For instance, in the case of Ivory Tower, Zucker said, “The cost of college education, is it worth it, is one of the most important topics in education today. That’s a topic that we would be doing, should be doing, regardless of whether we have Ivory Tower. The fact that we have Ivory Tower only adds to and enhances that.” Entelis noted that CNN’s business correspondent is doing a multi-part series about the solutions to college debt that touches on some of the same issues the film explores without being repetitive.
“It really broadens the whole subject and treats it in a way that in the course of the normal coverage on our programs we wouldn’t really have the opportunity to do,” she said. “The film is actually the centerpiece of it…We can create conversations that go in all different directions that actually add value to the subject.”
Still, Zucker didn’t apologize for promoting the film in CNN’s news programs.
“We are also a commercial enterprise. Just like all the filmmakers here want people to see their films, that’s why we make them,” he said. “We want people to watch these films as well, so we promote the films through that news program. I don’t think that lessens the impact in any way. Frankly, it enhances it. It’s one of the things that I think makes it really worthwhile for filmmakers to have their films here on CNN.”
And the process goes the other way, with documentary filmmakers able to delve deep into the issues and larger story behind a news item that quickly works its way through the 24-hour news cycle, which Malhotra said was the case with Blackfish, as the story of the death of a Sea World trainer was gone from breaking news coverage after two days, but Blackfish director Gabriela Cowperthwaite was able to spend two years “unraveling a 30-year story of animal abuse and corporate malfeasance,” Malhotra said.
But that doesn’t mean that CNN quickly creates documentaries about hot-button issues. For instance, its latest title, Pandemic, which was announced earlier in the day on Thursday, about the risks and progress in the battle against Ebola and other infectious diseases was already in the works for a year, Zucker insisted.
“It’s not just something that because ‘fear-bola’ is out there all of a sudden, we wanted to crash a film on that,” he said.
Pandemic director Janet Tobias was at the lunch, with Malhotra explaining that she already has a team shooting in West Africa and will soon go over there.
“We are both excited and cautious about her trip,” he said.
Malhotra also teased two other upcoming titles: Fresh Dressed, directed by former Vibe writer-editor Sacha Jenkins, which traces the evolution of hip hop and style, and the untitled college sex crimes doc from the team behind Oscar-nominated doc The Invisible War, about rape in the military, which CNN announced at the end of October that it had partnered with Radius on. Both titles are set to premiere at a film festival early next year followed by a theatrical release and CNN premiere later in 2015.
But CNN Films has no plans to expand from documentaries into narrative or scripted feature films, Zucker insisted, despite reports that might have indicated otherwise.

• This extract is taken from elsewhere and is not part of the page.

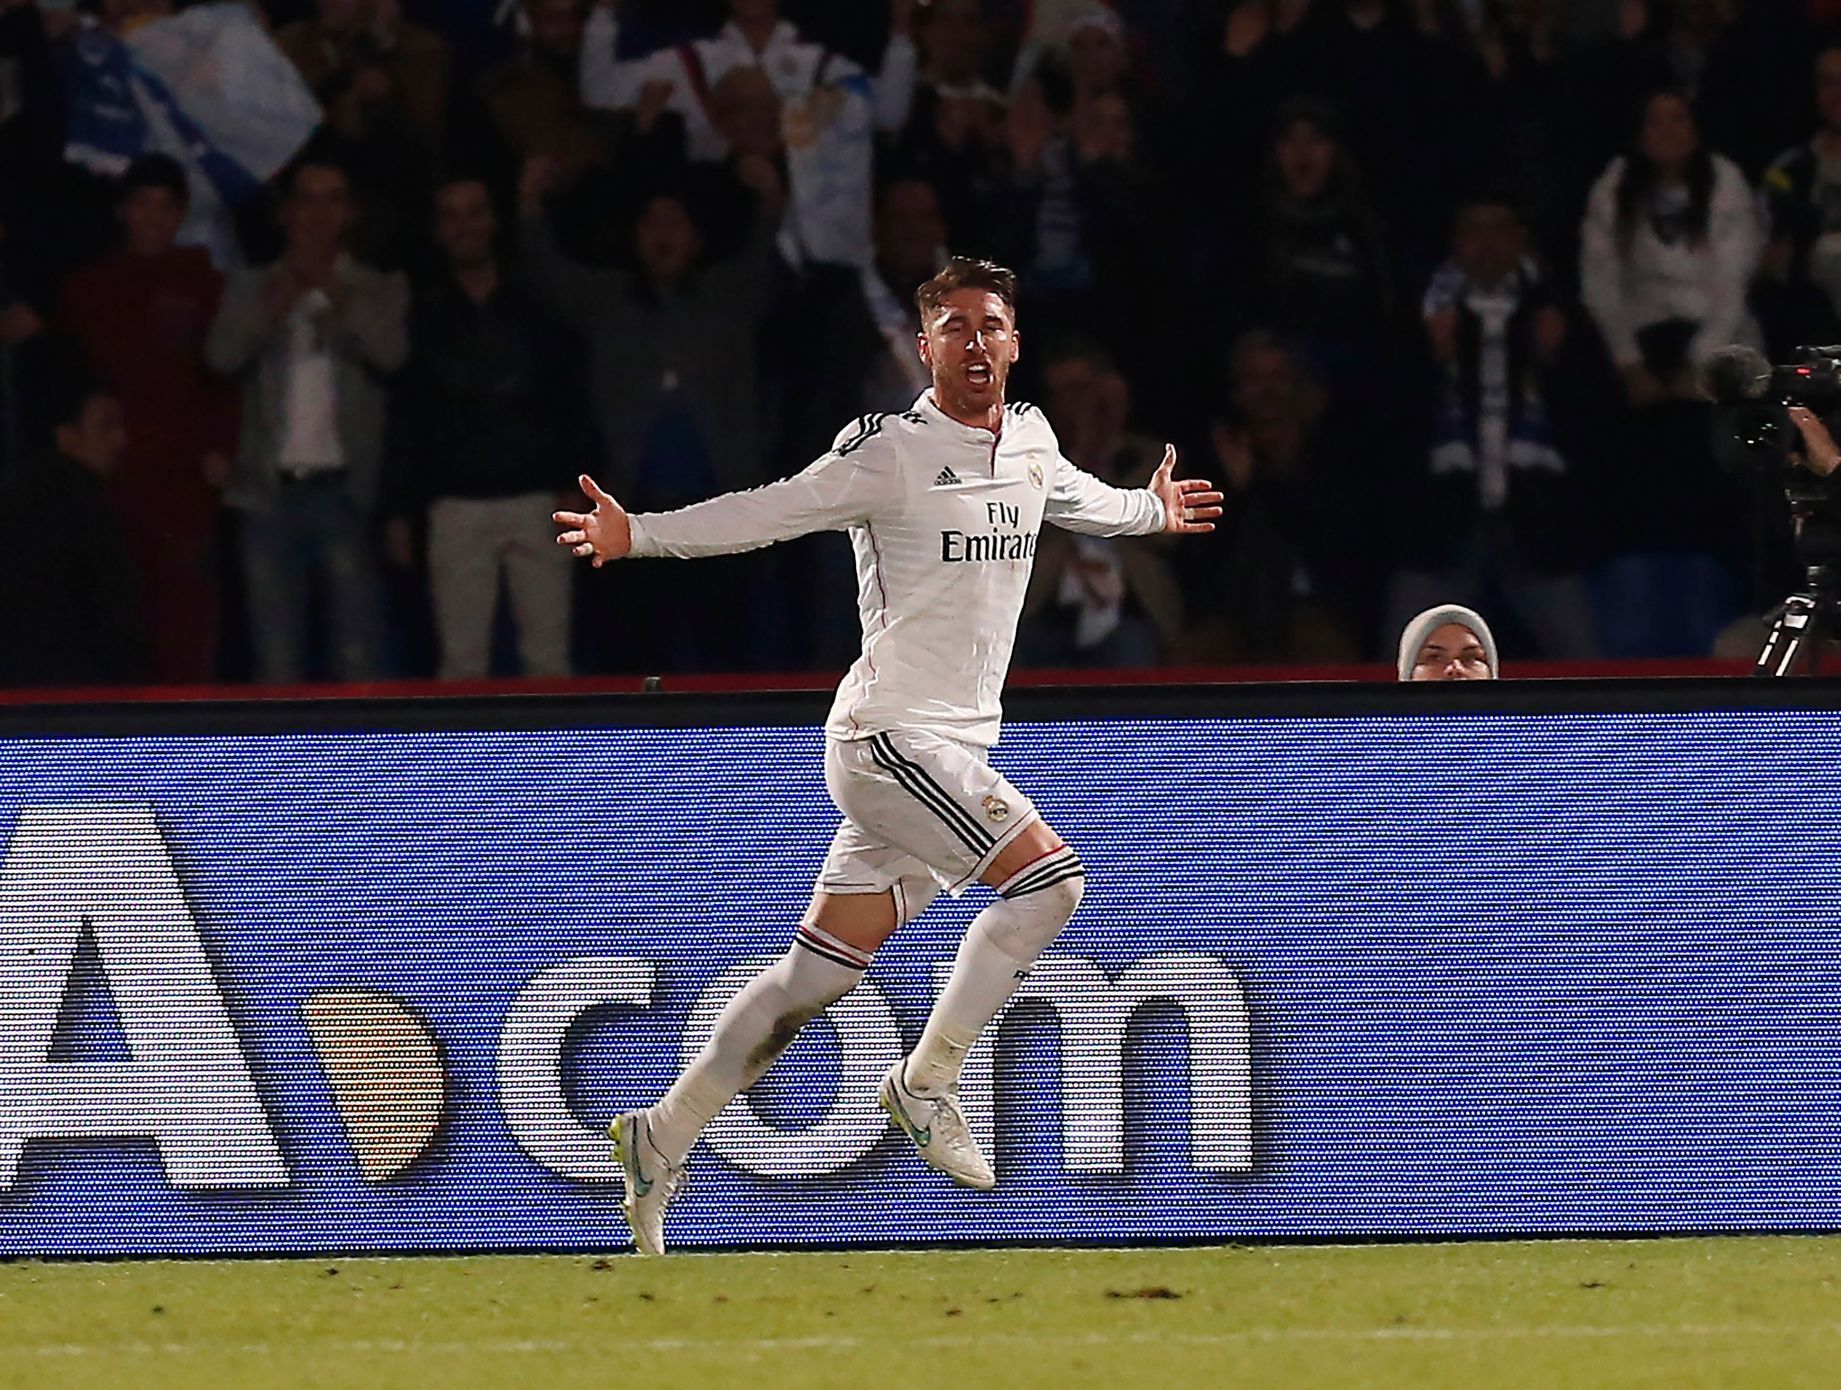 Real Madrid's Ramos celebrates his goal during their Club World Cup final soccer match against San Lorenzo at the Marrakech stadium

After explaining that his response at an L.A. event, in which he said there were no plans to make scripted films but “I wouldn’t rule anything out,” led to an array of articles claiming CNN was open to making fictional movies, Zucker clarified that there were not then nor are there now any plans to make scripted films.
He ended his remarks at the lunch with a final defense of CNN.
“Sometimes CNN gets caught in the crosshairs because CNN is CNN. When you’re a huge, shiny object, people like to throw darts,” he said. “Frankly, I don’t give a shit. None of the people that do that stop to think about the incredible quality that is assembled by the people in this room. Take all the shots you want, but I think the quality of films on CNN Films is unassailable.”